In my opinion, you’re disallowing Float64 → BigFloat in the wrong place and with a misleading message. As you summarized, the conversion from one binary numeral to a higher precision binary numeral is actually exact, so error("Imprecise.") or the more typical InexactError is incorrect. What you don’t want is people using the first binary numeral’s lower precision in the first place (converted to 200+ zeroed bits) in your algorithm, you want them to use an exact representation (string, Rational) or parse/convert that to a higher precision numeral for your algorithm. That suggests the check belongs in a preceding or preliminary step of your algorithm, not globally.
If you disallow the exact conversion globally, then you also stop your users from using their code or any other package that needs it. You might have even broken something in or that will be in Base. This conversion exists for good reasons:
There are many decimal values that are exactly represented in binary, and you just forced users to convert them away from Float64 just for conversion to BigFloat for more precise operations. big.(zeros(3)) no longer works, we need to do parse.(BigFloat, string.(zeros(3))).
Many algorithms start with the lower precision, do an operation in a higher precision, then return to the lower precision. The larger initial approximation error is just part of the intent. Again, you just forced a lot of extra work on that.

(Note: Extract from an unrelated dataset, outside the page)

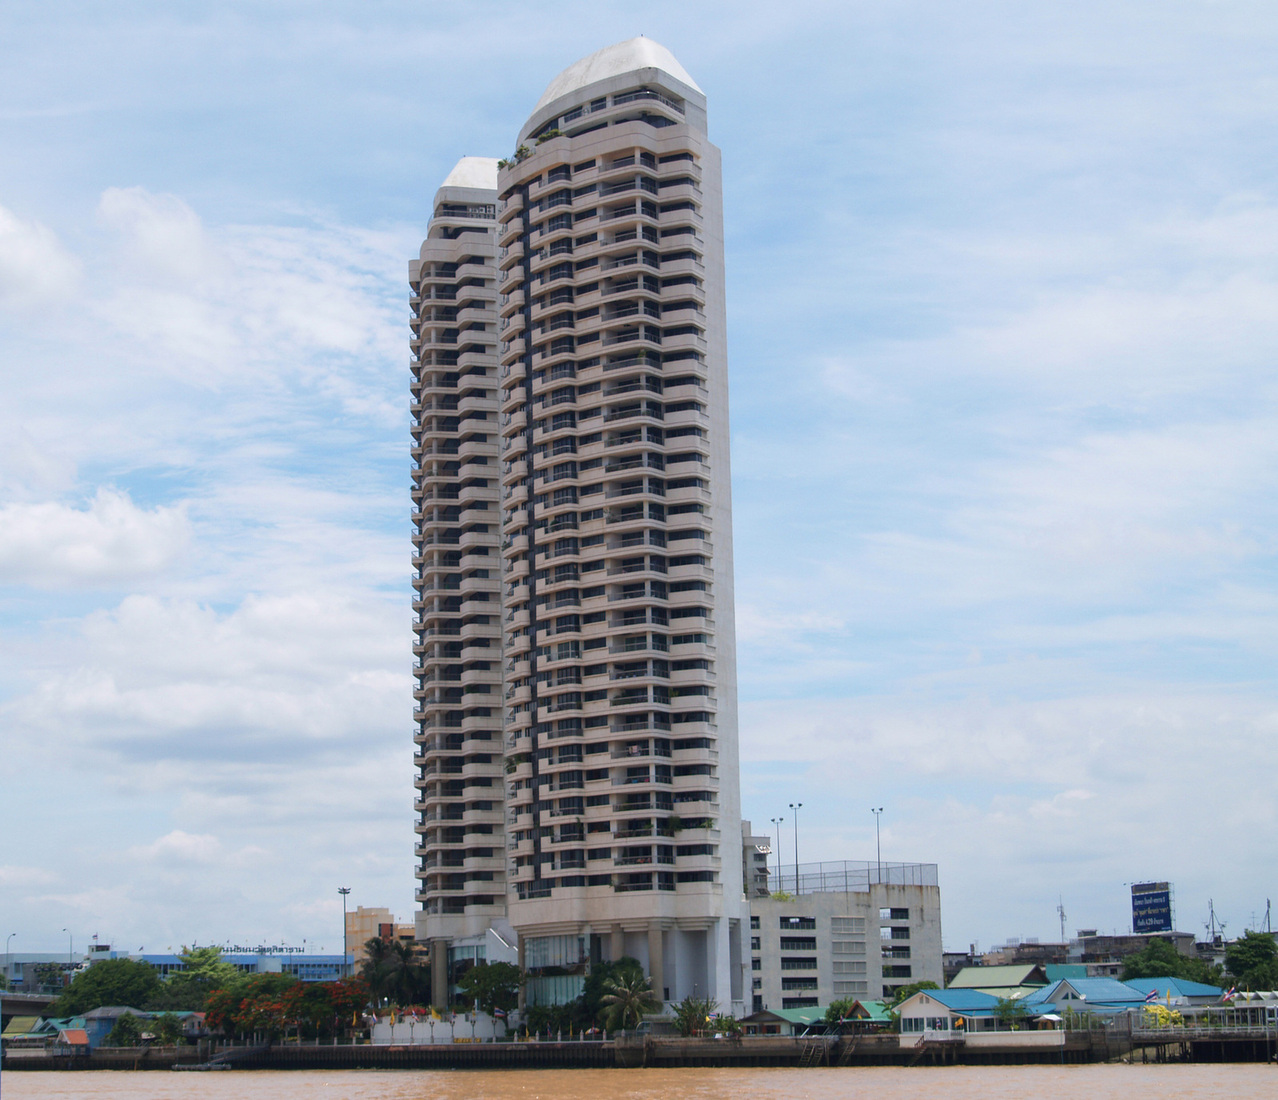 thailand-bangkok-building-1228301-1278x1099
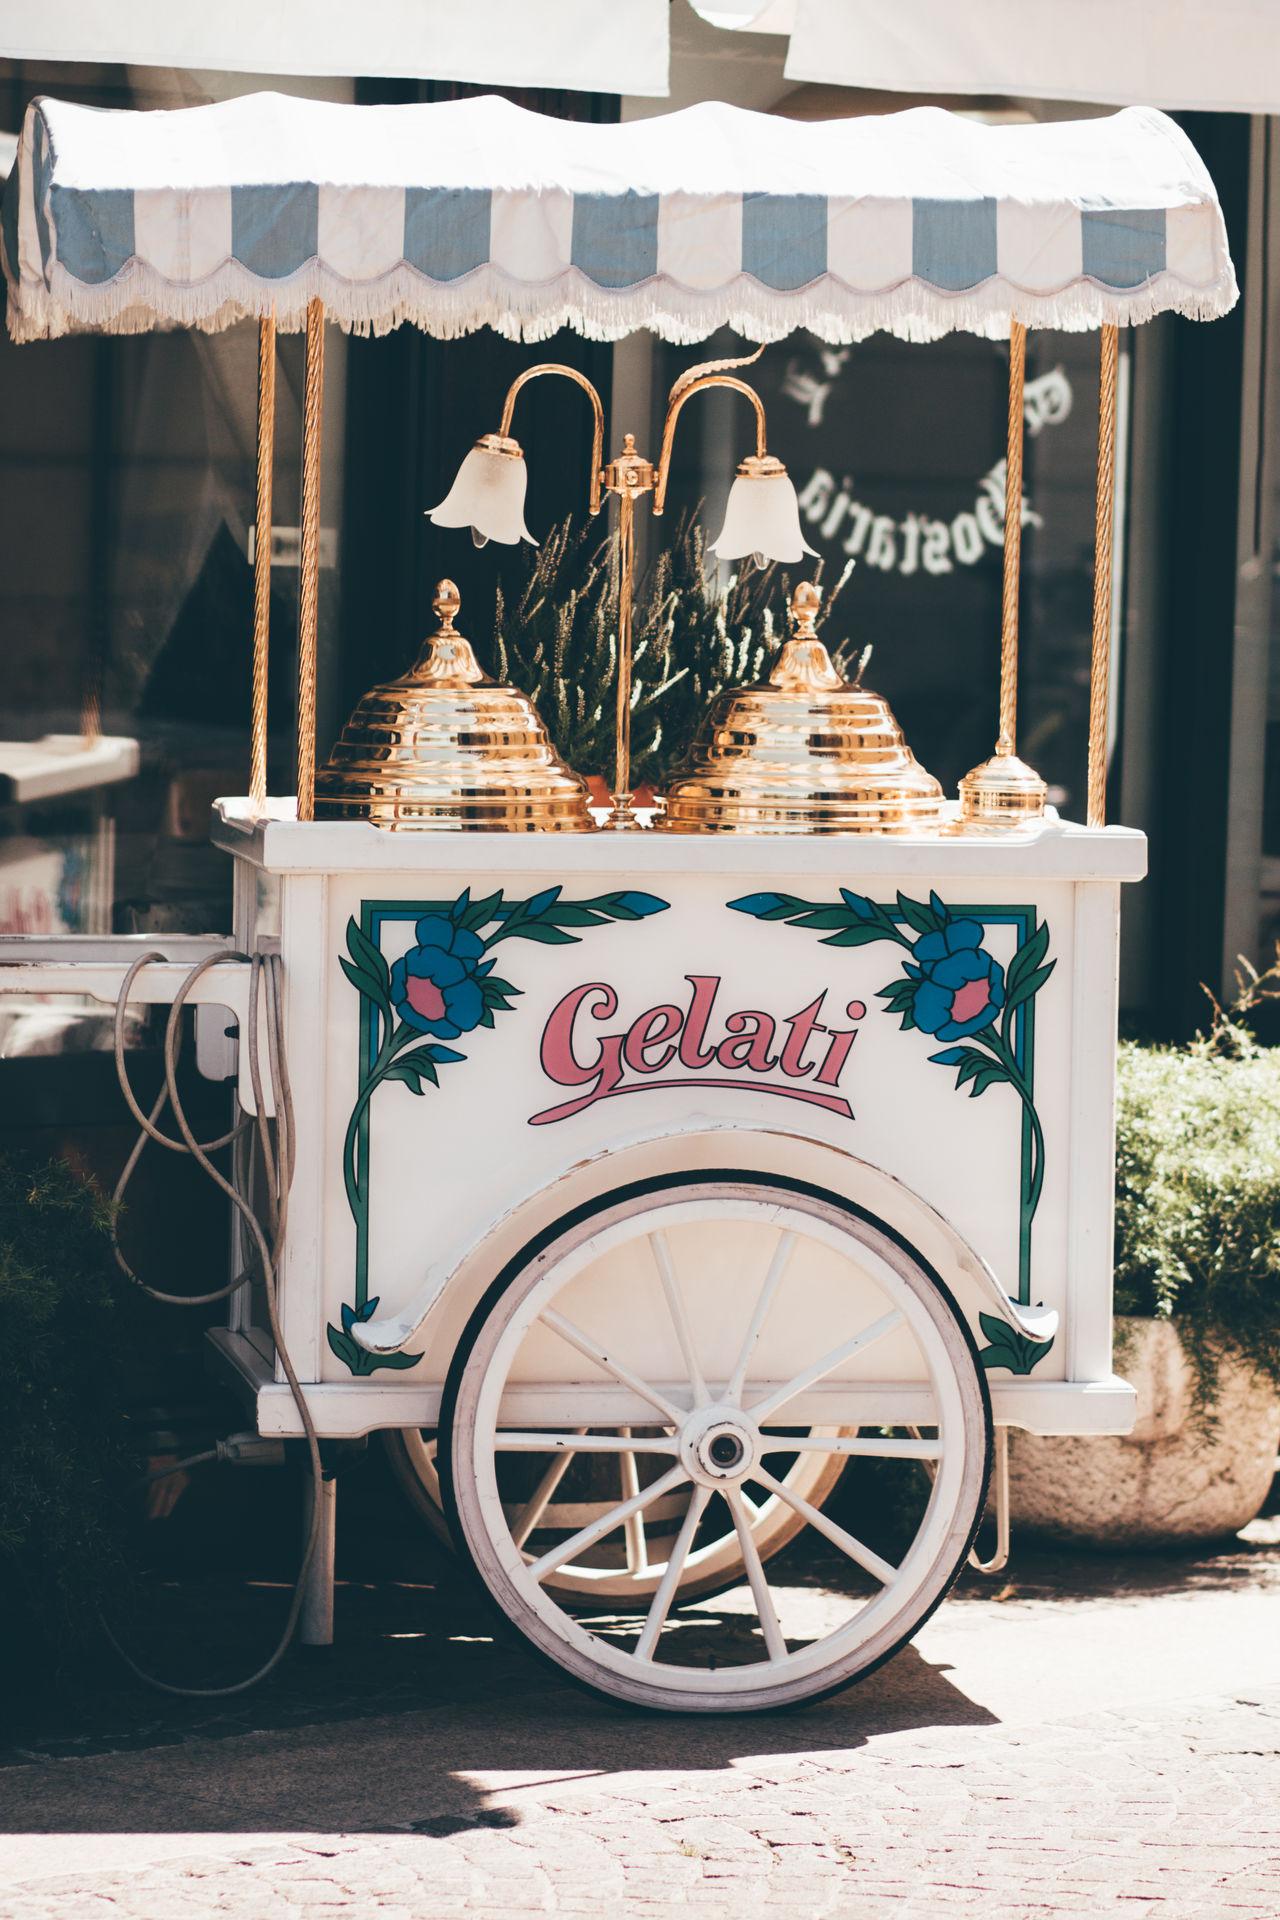 Day Eiskutsche Eismann Eiswagen Gelati Gelatin Dessert Ice Cream Italian Food Italian Ice Cream Italy No People Outdoors Travel

Assuming you’re just doing this in your algorithm, another issue is that you’re also only addressing Float64. There’s the even less precise Float16 and Float32 in Base, and there can be an arbitrary number of lower precision AbstractFloat subtypes you don’t want as well as an arbitrary number of higher precision AbstractFloat subtypes you do want (including BigFloat → BigFloat). You can’t disallow an infinite subset of input types explicitly, so you should try specifying what input types you do allow. At this point, the inputs could be Union{AbstractString, Rational, BigFloat}, though you will probably just use BigFloat in the core algorithm because strings can’t support any arithmetic and Rational will automatically convert to Float64 in many operations that usually don’t have rational outputs e.g. asin(1//2).